犬養首相を暗殺した青年将校の証言で、「犬養個人に怨みはない。政党政治を象徴する人物としての犬養を暗殺しただけだ」という趣旨の説明があった。これは国民感情にも訴えるものがあったのだろう。

「憲政の神様」といわれた犬養首相の死を悼む一方で、犬養が率いる立憲政友会の現状は正さなければならない。こうした考え方のなかで、手段はよくないが目的は評価できるという見方が広まっていった。

現代の私たちの価値観からすると、「政党が善玉、軍部が悪玉」であり、軍部の横暴によって政党政治がつぶされ、軍国主義一色になったと理解しがちである。

しかし当時の現実からすれば、「政党政治がうまく機能しないのであれば、軍部に政治を任せてもいいのではないか」と、国民に思わせるだけの状況が揃っていたのである。

実際、軍部も、軍部の指導によって「社会主義」の理想を実現しようとする国家社会主義的な考えを持つ者が増えている。

なかには「相続税を100%課税にして相続を認めない」「土地の私有は千坪までとする」といった極端な富の再分配を説き、国民を軍部に引き付けようとする者まで出てきていた。

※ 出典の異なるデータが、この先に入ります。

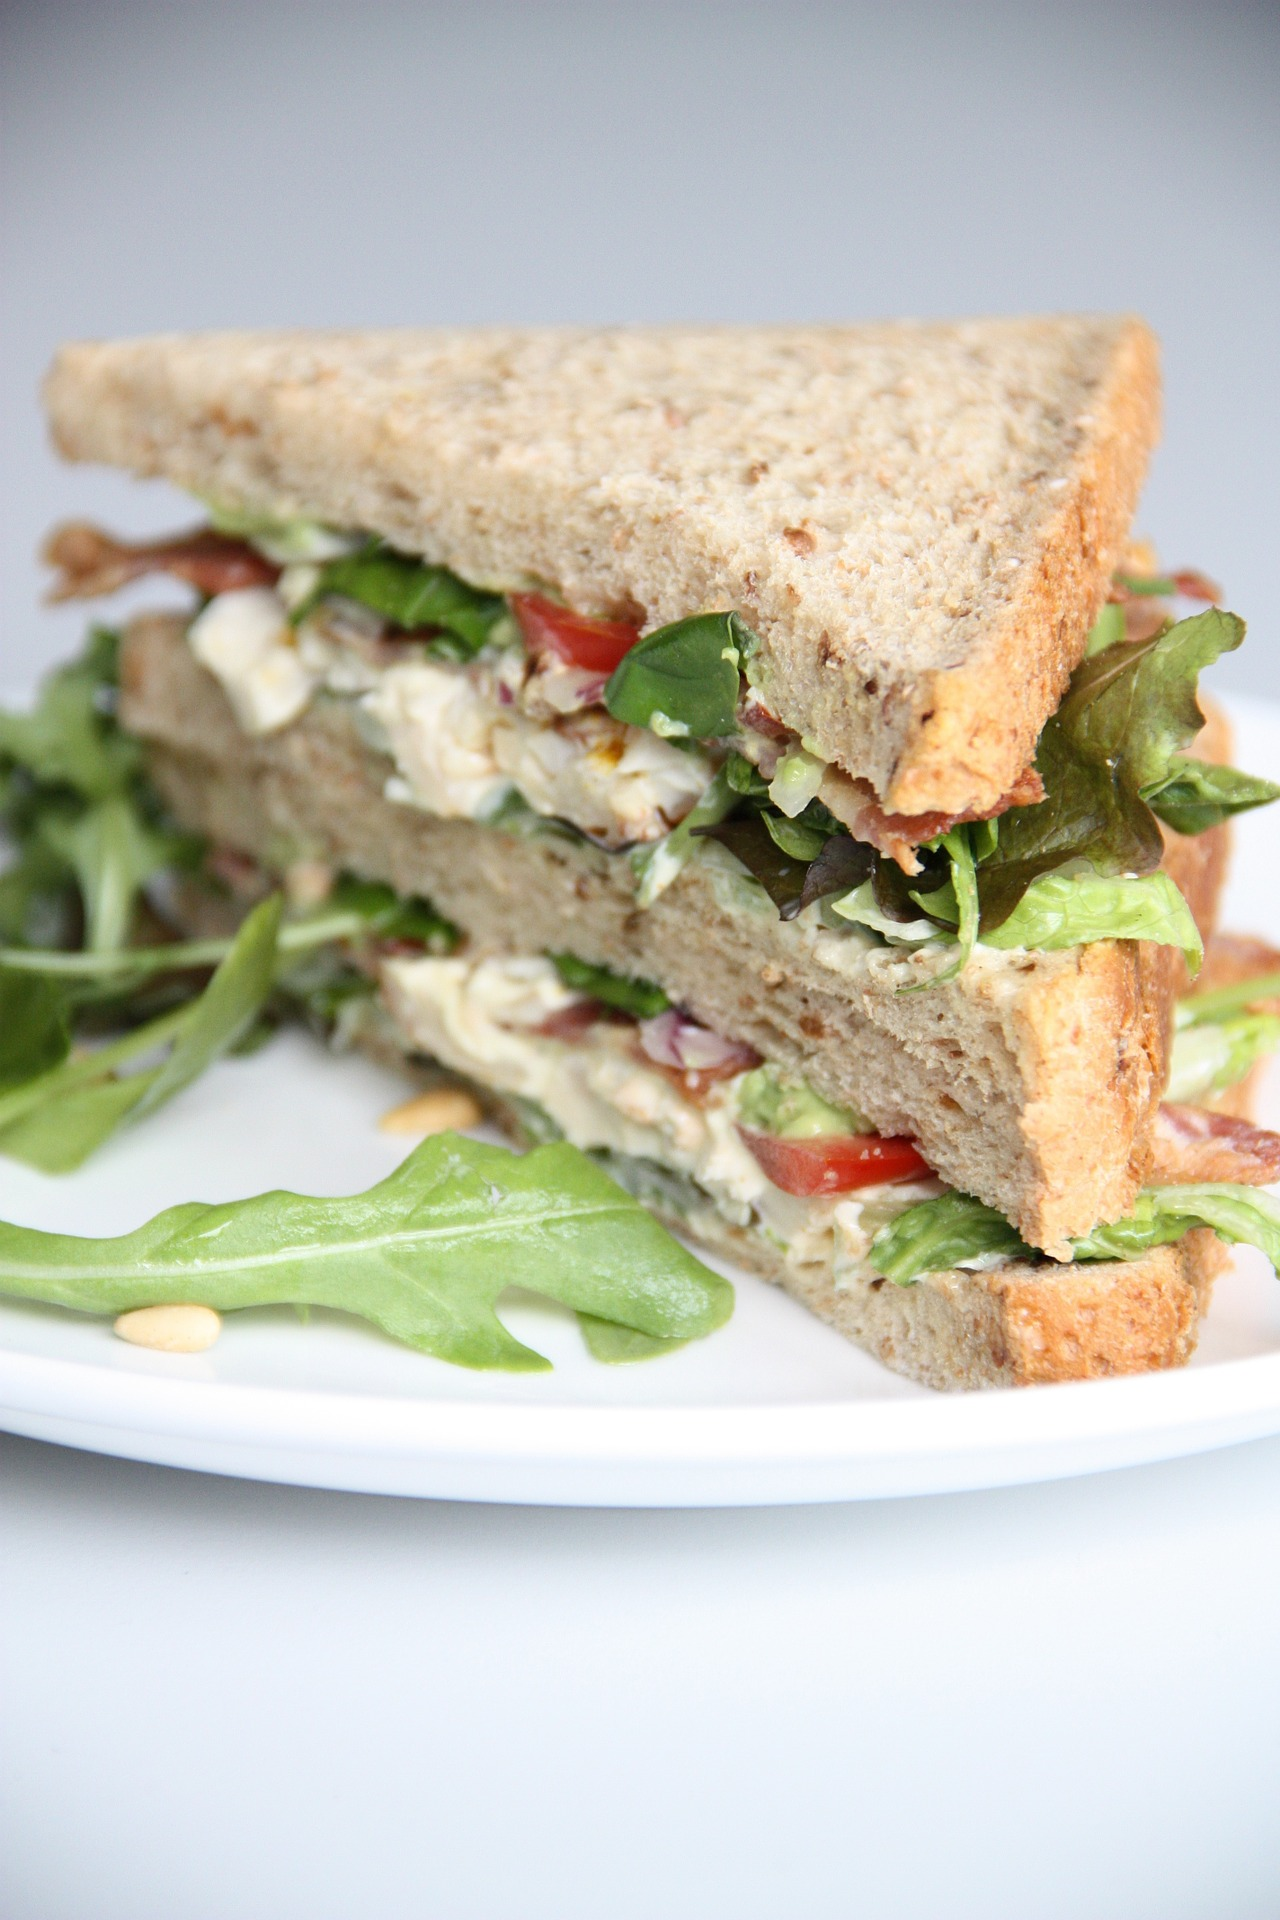 Sandwich | © Tarmtott/Pixabay

国家社会主義は、国に総動員体制を確立するには非常に便利な思想であり、軍事化することで社会が平準化する側面もあるため、軍国主義との親和性がある。

軍部が社会の矛盾を解決し、改造してくれるという期待を国民が抱いたことで、軍部は対外戦争や軍事力の拡大により積極的に動けるようになった。

その意味で五・一五事件は、その後の日中戦争、太平洋戦争につながる国民意識を醸成するきっかけになったといえる。

 

五・一五事件に始まる対外戦争への道

五・一五事件をきっかけに軍部の力が強くなると、昭和11年(1936)の二・二六事件のころには、陸軍皇道派の青年将校のクーデターを陸軍が鎮圧するという展開に、「軍部がなければ、クーデターを防げなかった」とプラスの評価がされるようになる。

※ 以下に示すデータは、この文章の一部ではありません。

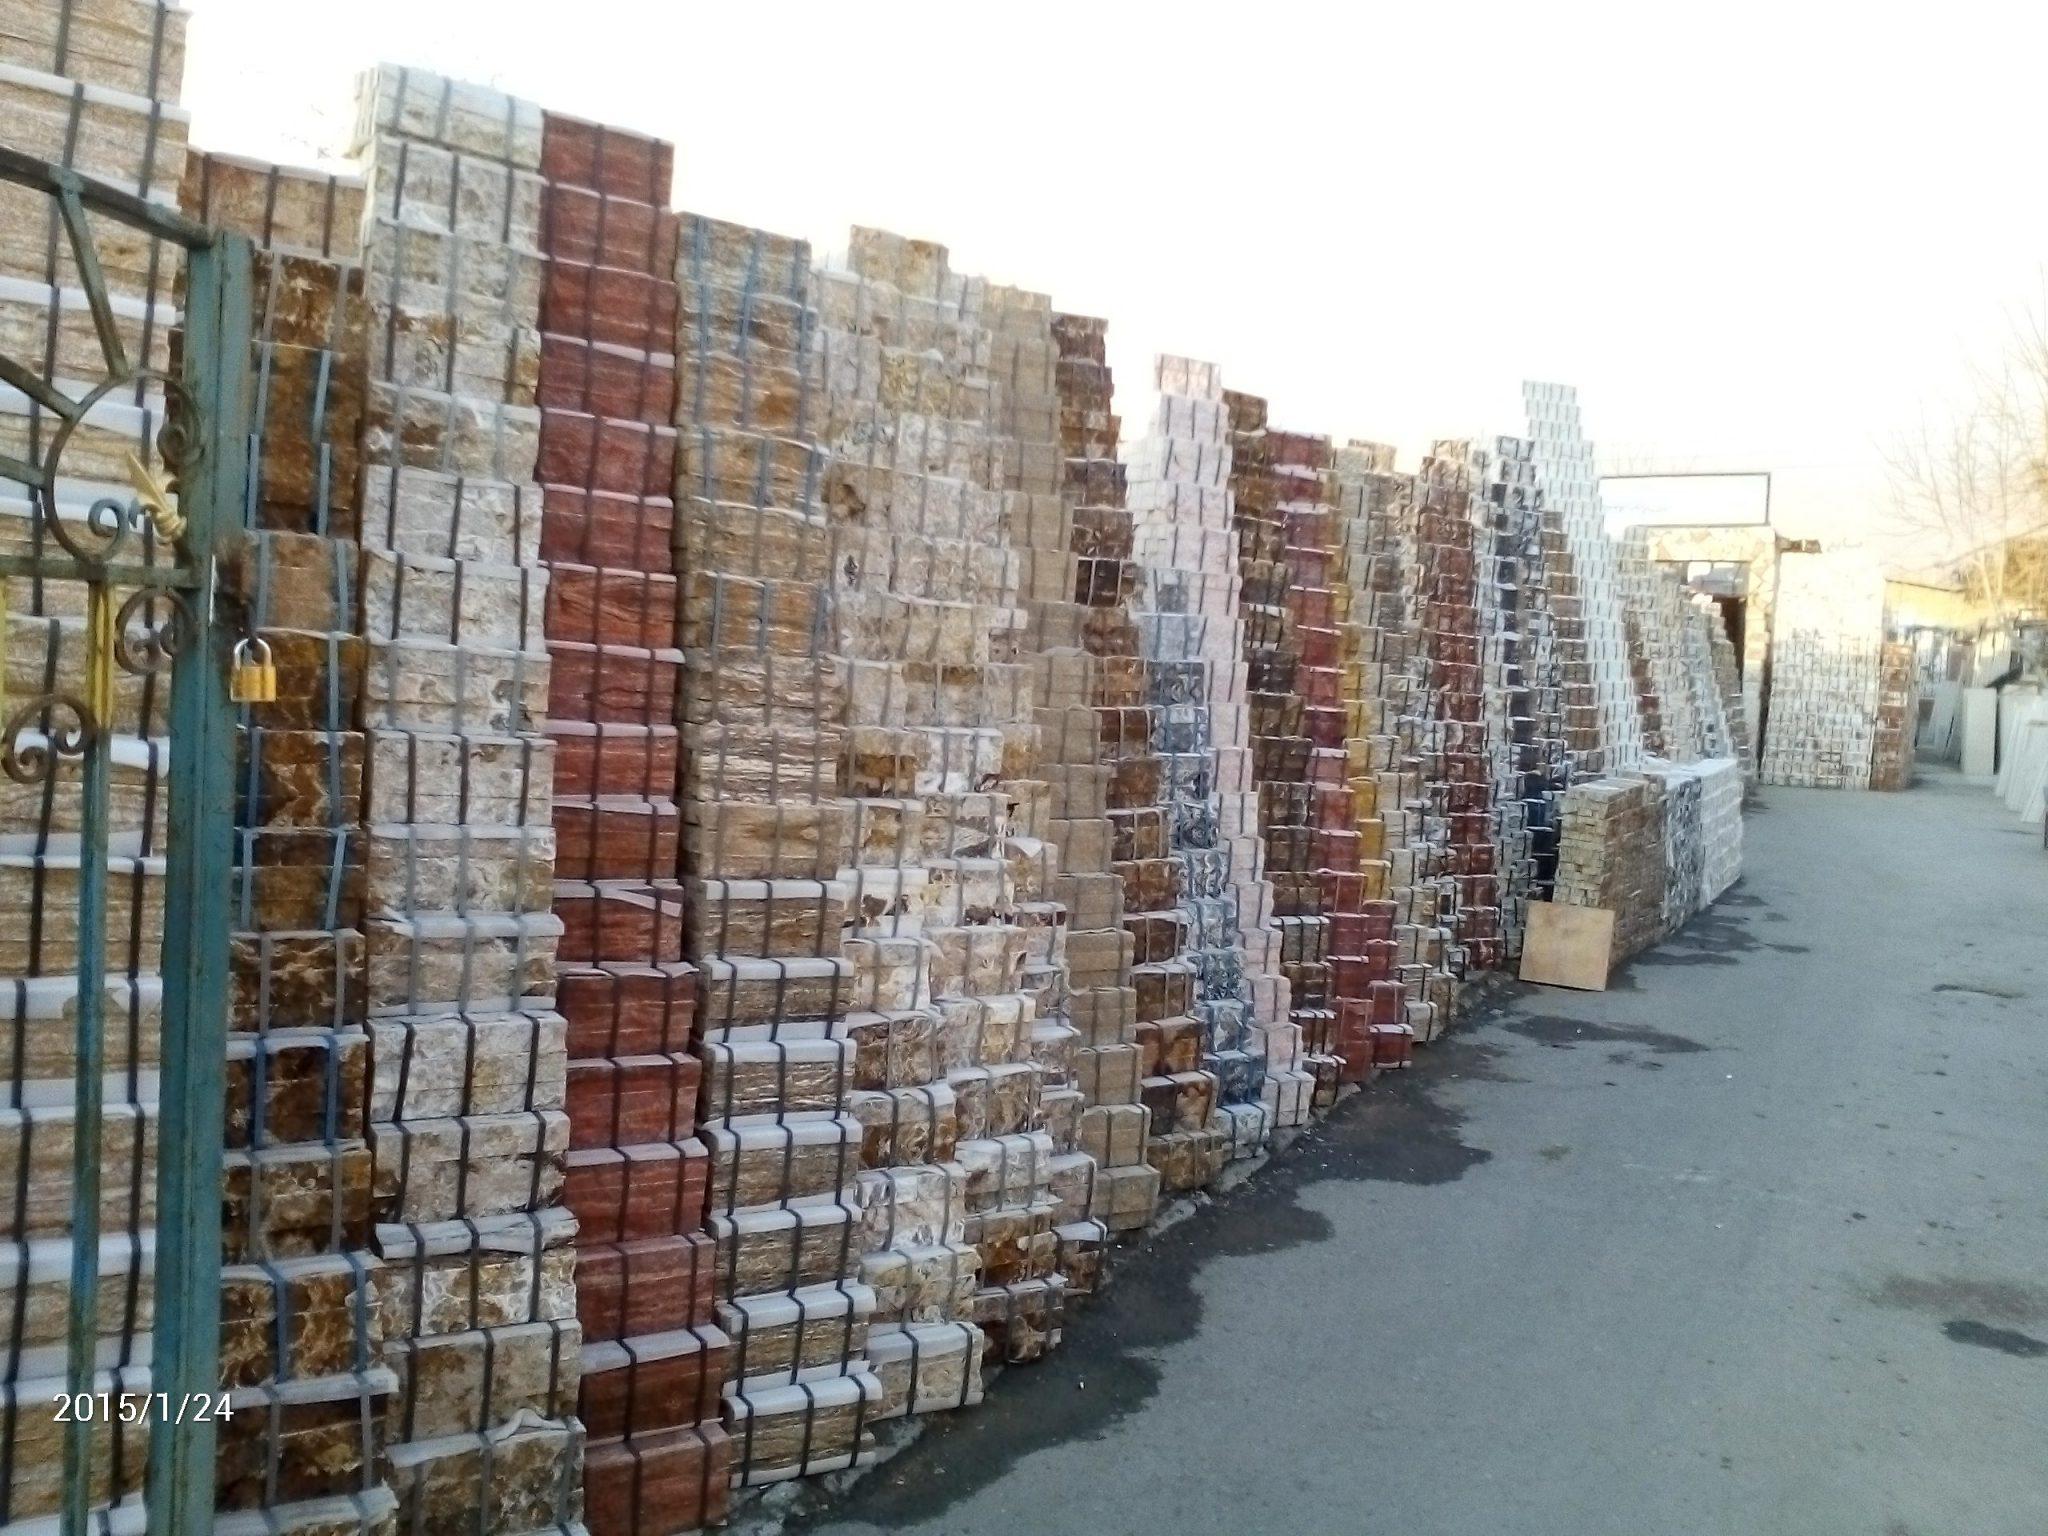 انواع سنگ آنتیک طبیعی و مصنوعی استوارسازان

軍部が起こした事件を軍部が鎮圧したことで、より軍部の立場が強くなるという不思議な現象が起こっていたのである。

昭和12年(1937)7月、北京郊外の盧溝橋で日中両軍いずれかの発砲をきっかけに、偶発的な軍事衝突が起こる。この盧溝橋事件を発端として、泥沼の日中戦争が始まるのだが、ここまでに軍部の力が強くなっていなければ、全面戦争に突入することはなかったかもしれない。

しかしこの段階では、すでにシビリアン・コントロール(文民統制)は効かなくなっており、広田弘毅外務大臣が不拡大方針を掲げて和平交渉を試みても、軍部をおさえることはできなかった。

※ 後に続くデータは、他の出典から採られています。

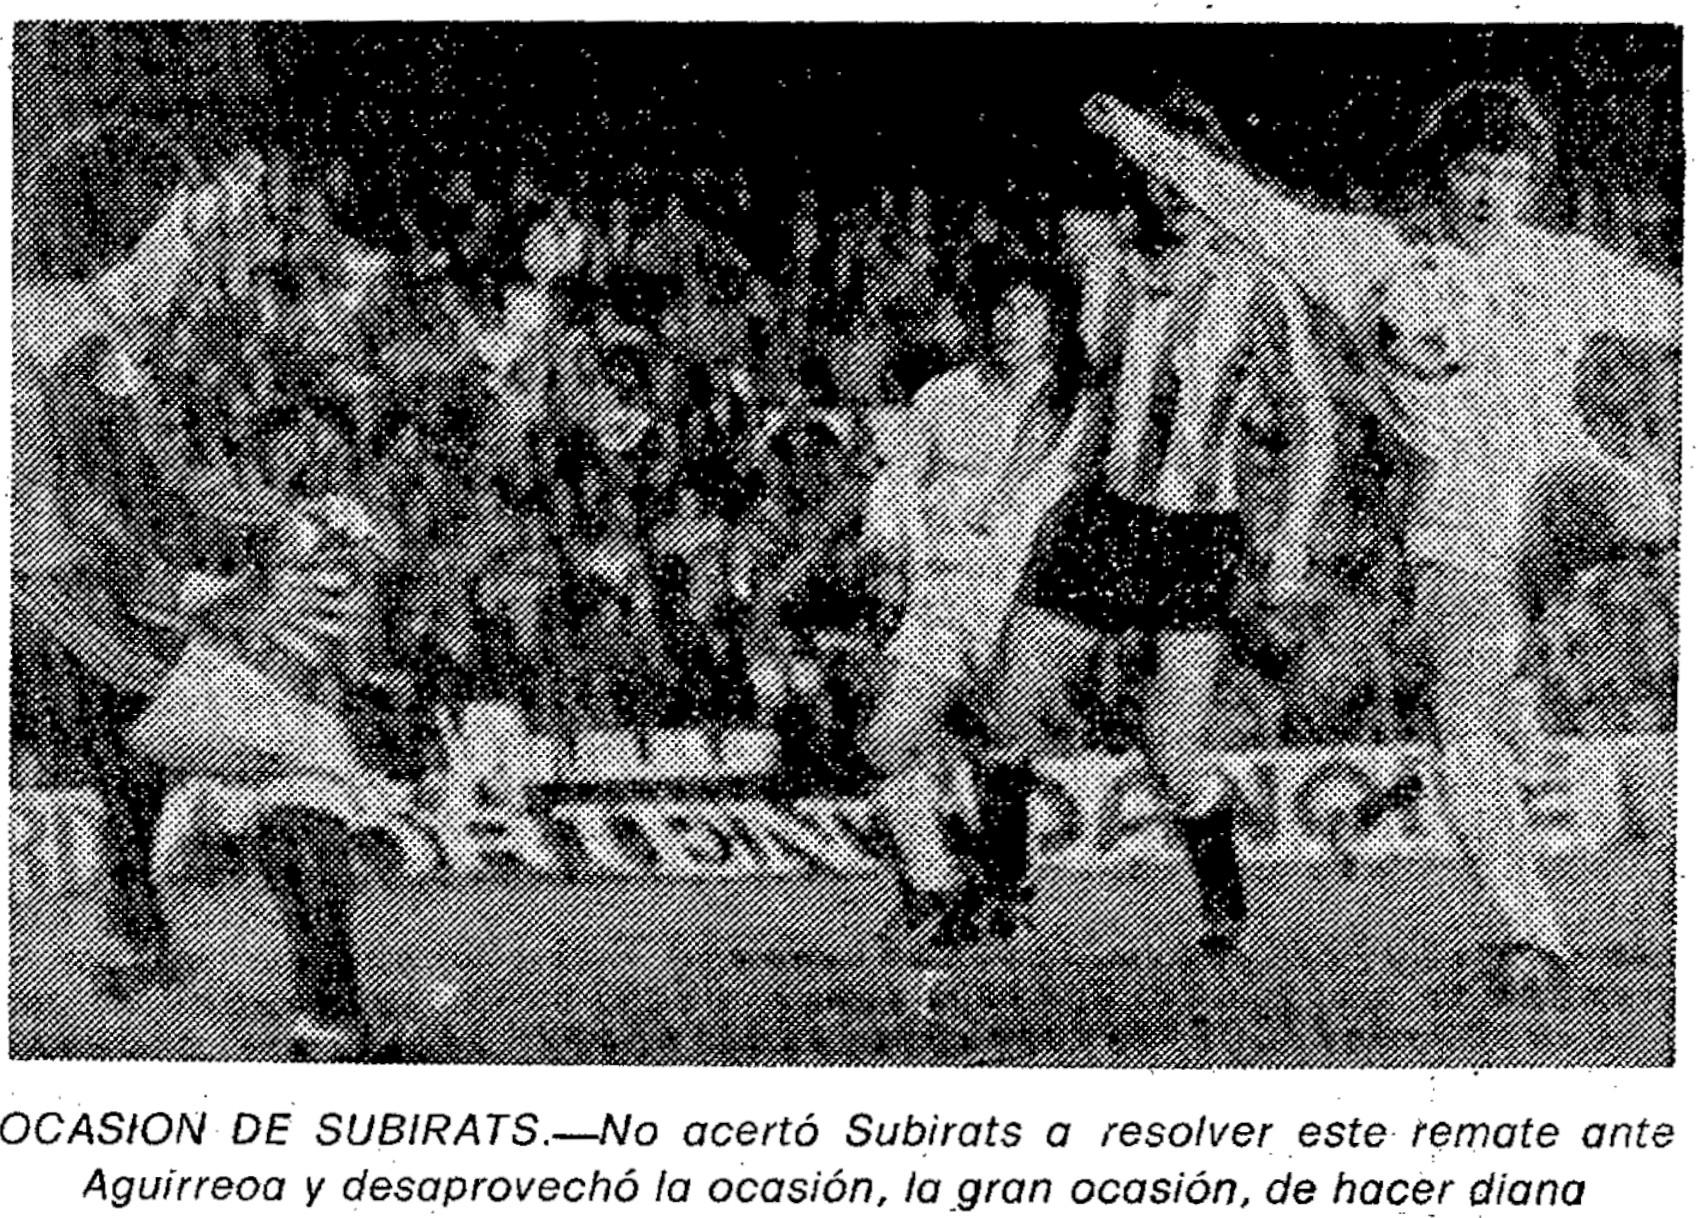 05.04.1980: Valencia CF 2 - 0 Athletic Club

この日中戦争の長期化が、のちに米英などを相手にした太平洋戦争に拡大していくことを考えると、太平洋戦争の敗戦からさかのぼって、その遠因を五・一五事件に求める見方は十分に成り立つ。

五・一五事件は、テロやクーデターとしては非常にずさんな計画で行なわれており、それ自体に評価すべきところはない。だが、こうした事件がのちの歴史に大きな意味を持つことは往々にしてある。

昨年7月の安倍晋三元首相の暗殺事件も、実行犯の動機は非常に個人的なものだったが、結果的には日本の国内政治を大きく揺るがすものになったことは周知の通りだ。もちろん、同列に語ることはできないが、要人の暗殺というのは一国の社会や歴史にそれほどの意味を持ってしまうことがある。